At the first endoscopy, 238 (65%) patients had duodenal adenomas at a median age of 38 years. Median follow up was 7.6 years. The cumulative incidence of adenomatosis at age 70 years was 90% (95% confidence interval (CI) 79-100%), and of Spigelman stage IV 52% (95% CI 28-76%). The probability of an advanced Spigelman score increased during the study period (p<0.0001) due to an increasing number and size of adenomas.

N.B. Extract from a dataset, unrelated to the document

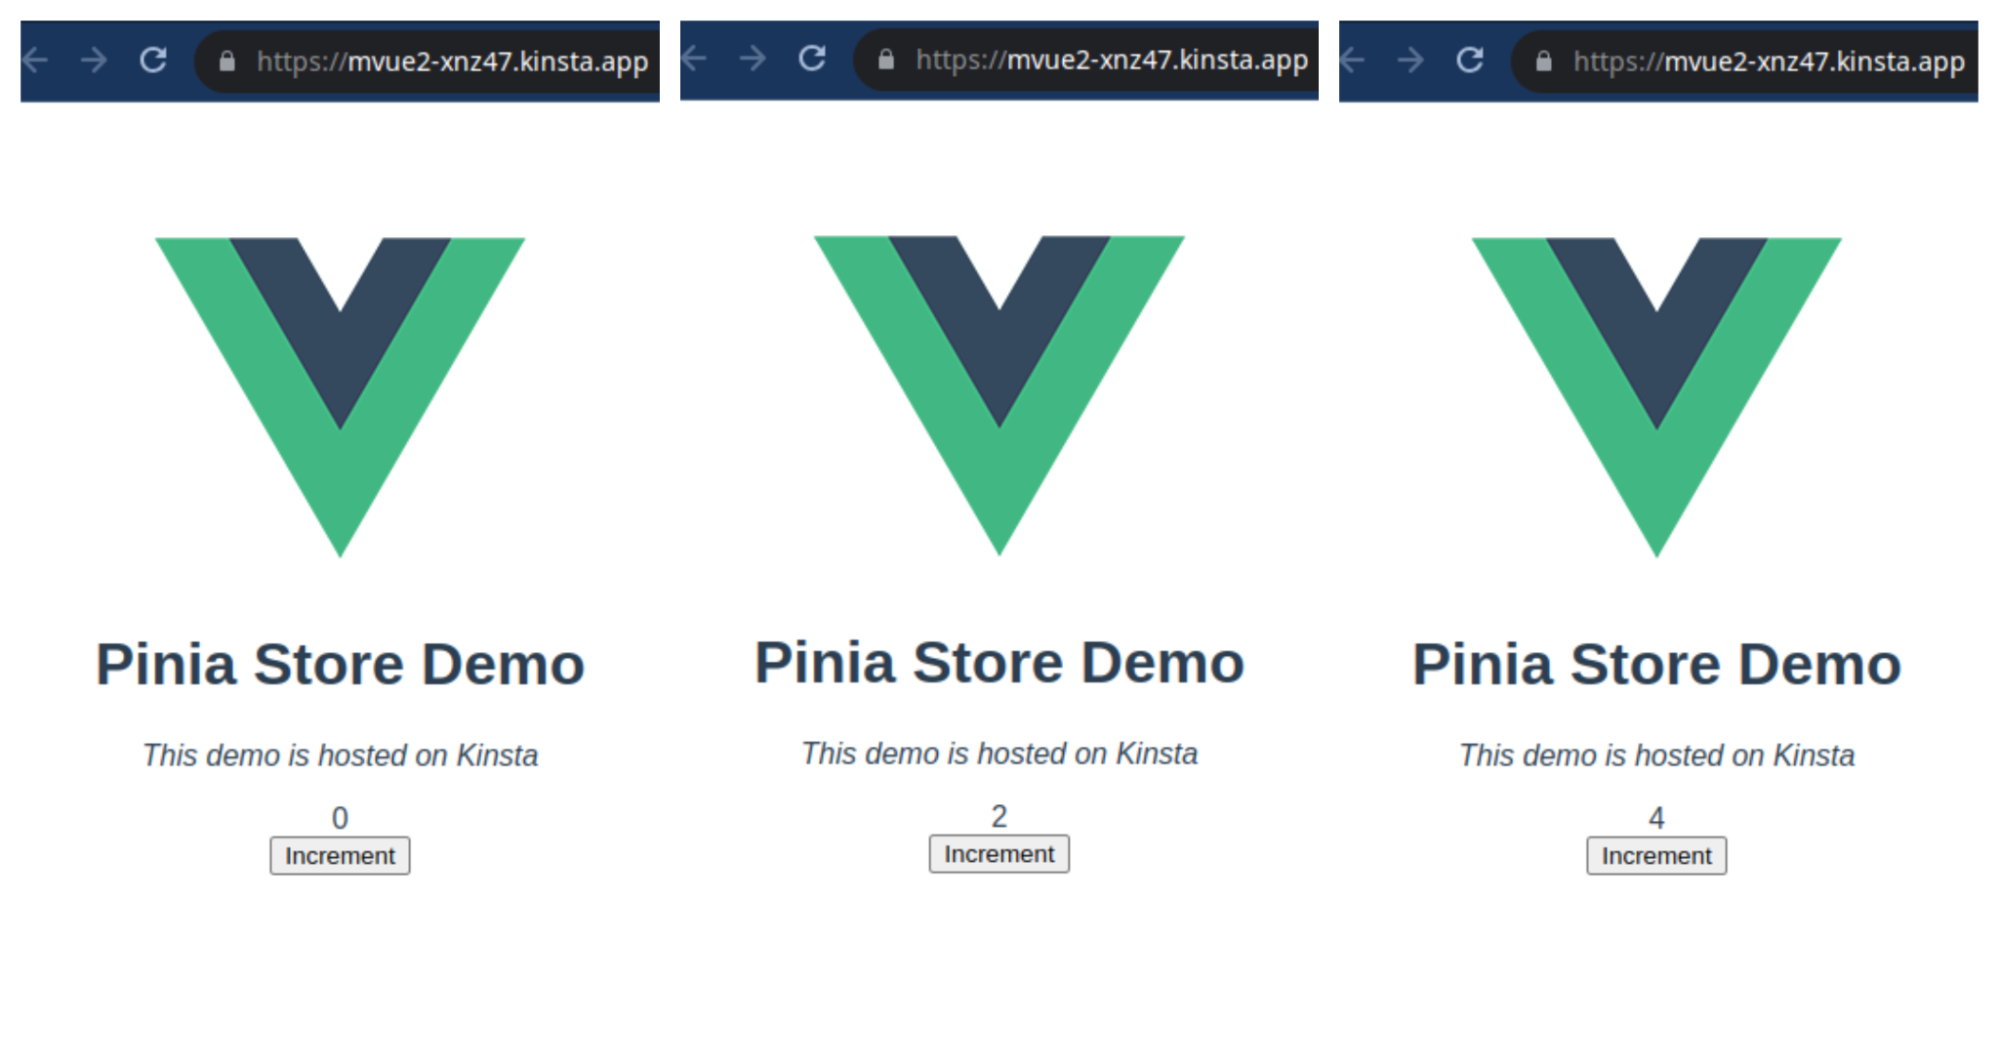 Captura de pantalla de la página de aterrizaje de la Demo del Store de Pinia en diferentes incrementos: 0, 2 y 4.

Two patients had asymptomatic duodenal carcinoma at their first endoscopy while four developed carcinoma during the study at a median age of 52 years (range 26-58). The cumulative incidence rate of cancer was 4.5% at age 57 years (95% CI 0.1-8.9%) and the risk was higher in patients with Spigelman stage IV at their first endoscopy than in those with stages 0-III (p<0.01).

CONCLUSIONS

The natural course of duodenal adenomatosis has now been described in detail. The high incidence and increasing severity of duodenal adenomatosis with age justifies prophylactic examination, and a programme is presented for upper gastrointestinal endoscopic surveillance.

摘要

背景

十二指肠癌在家族性腺瘤性息肉病(FAP)中的患病率远高于普通人群,且大多数息肉病患者存在十二指肠腺瘤病。

目的

描述FAP患者十二指肠腺瘤病的长期自然病程,并评估是否需要对十二指肠进行癌症预防性监测。

方法

在北欧国家和荷兰开展了一项前瞻性五国研究。

患者

1990年至2001年期间,共有368例患者接受了每两年一次的胃十二指肠镜检查。

结果

首次内镜检查时,238例(65%)患者患有十二指肠腺瘤,中位年龄为38岁。中位随访时间为7.6年。70岁时腺瘤病的累积发病率为90%(95%置信区间(CI)79 - 100%),斯皮格尔曼IV期为52%(95%CI 28 - 76%)。由于腺瘤数量和大小增加,研究期间斯皮格尔曼评分升高的概率增加(p<0.0001)。两名患者在首次内镜检查时患有无症状十二指肠癌,另有四名患者在研究期间发生癌症,中位年龄为52岁(范围26 - 58岁)。57岁时癌症的累积发病率为4.5%(95%CI 0.1 - 8.9%),首次内镜检查时处于斯皮格尔曼IV期的患者比0 - III期患者的风险更高(p<0.01)。

结论

现已详细描述了十二指肠腺瘤病的自然病程。十二指肠腺瘤病的高发病率及其随年龄增长的严重程度增加证明了预防性检查的合理性,并提出了一项上消化道内镜监测方案。